>The End, and the Beginning

>Today was the last day of school, and at the end of the day the students had a rapid release fire drill in which they had to exit the building and go directly to the buses or whatever form of transportation was taking them home.  In the front of the building there were hugs and a few tears, then they were gone, just like that.  It’s hard to believe that it is all over, and that the next time I step into a classroom in front of students, it will just be me.  My mentor teacher got me a really nice teacher planner, but I’m trying not to let myself think too far ahead.  For now, I am just treasuring moments like this one, from today.
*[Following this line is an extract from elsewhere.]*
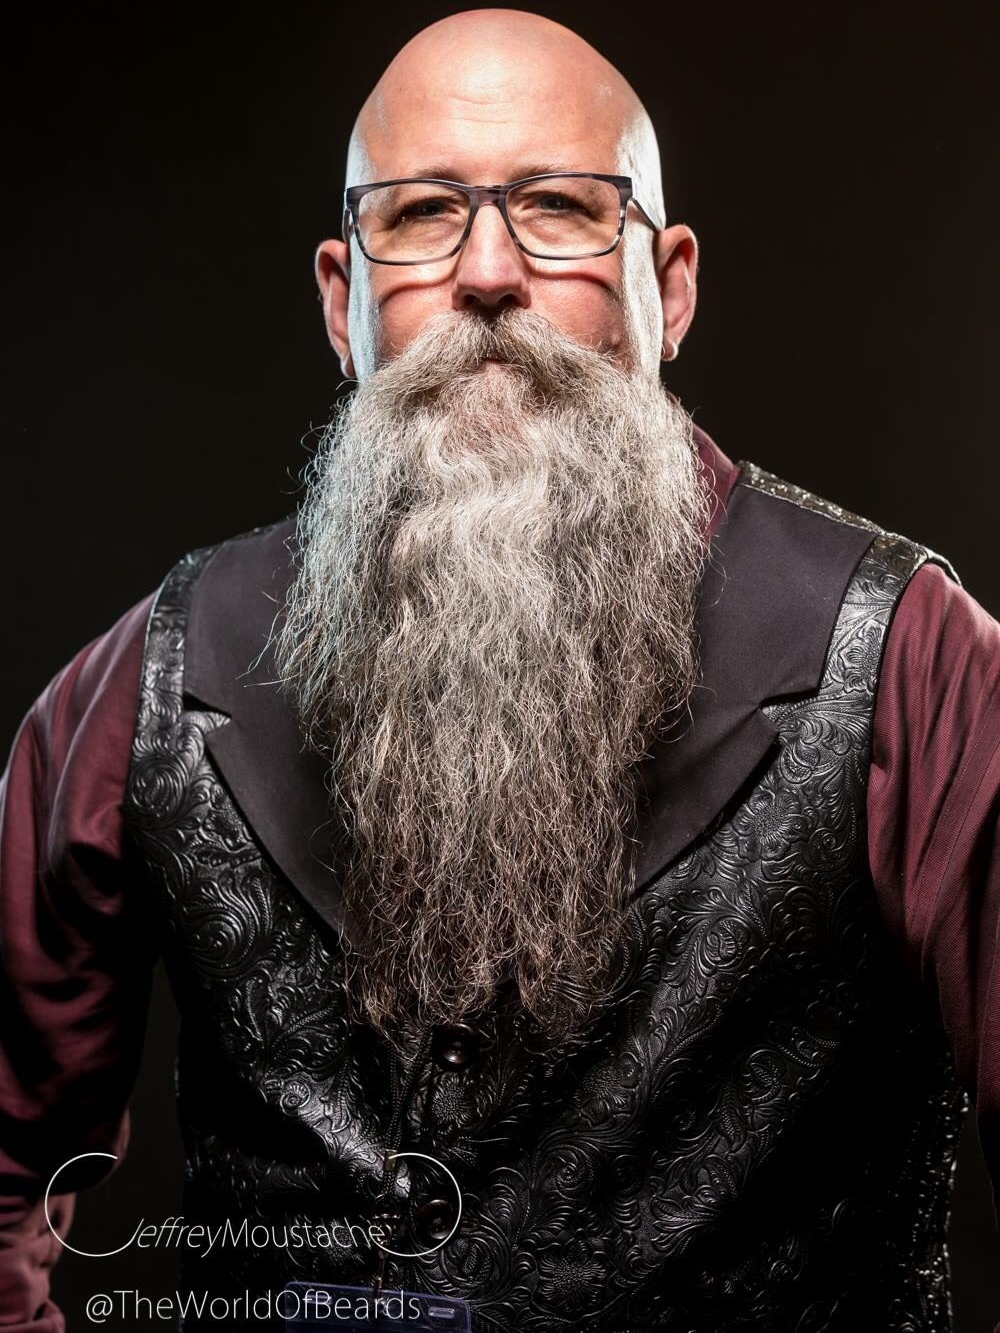 Jeff Raye Sergeant-at-Arms   photo:    Jeffrey Moustache | The World of Beards
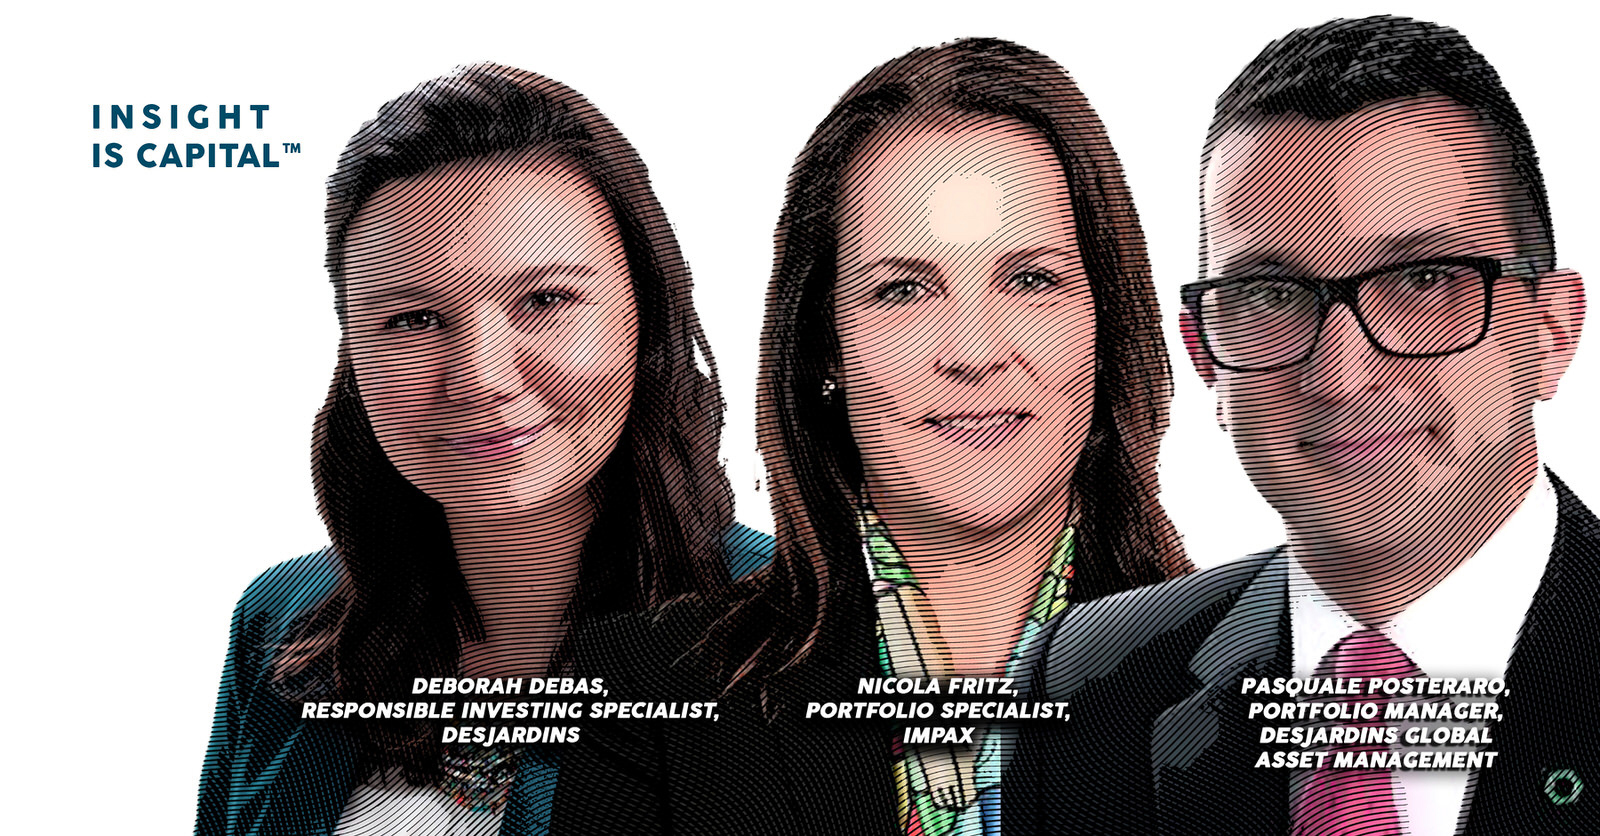 Insight is Capital Ep. 67 Deborah Debas, Pasquale Posteraro, and Nicola Fritz

Last week, Titus verbally confronted another student in class over something the other kid had said about Titus’ family.  Titus has always been quiet and well-behaved in class, so I knew that something must have actually happened.  When I talked to him later, being sure to commend the self-control he did choose to exercise, Titus told me how much he missed seeing his extended family, and that one cousin had contracted hepatitis C from using a dirty needle and another had a dangerous pregnancy.  The strain of worrying about his relatives finally got to him on Tuesday, though, when he got in a fight with another student at lunch.  I happened to catch him being escorted to the office by our guidance counselor, and he told me that he was being sent home for the rest of the school year.  I told him how sorry I was to see him go and wished him the best.  Inside, though, I was more than sorry–I was pretty much crushed…Titus had inexplicably nestled a little deeper in my heart than most of his classmates.  After school let out today, I was saying goodbye to students in front of the school when I felt a tap on my shoulder.  I turned around, and there was Titus!  “I came back to get my Epi-pen,” he said before I wrapped him in a bear hug.  I told him again how glad I was to see him and wished him well, and then he too, was gone.

I’ve been having separation anxiety since last week, and I’ve often wondered whether I was wise to choose a profession where the forever-goodbye is a frequent occurrence.  While it is no doubt going to be difficult, I also realize that as often as I say goodbye, I also get to say hello, and the relationship that grows between hello and goodbye is what makes it all worthwhile.  Goodbye wouldn’t hurt if the relationship weren’t meaningful, and I guess that the strict finiteness of the relationship makes it all the more precious.  To turn the words of Maia Sharp around, “I’m suddenly seeing that every ending means something else is beginning.”  My students will be high schoolers, and I will be a real teacher…all in good time, of course.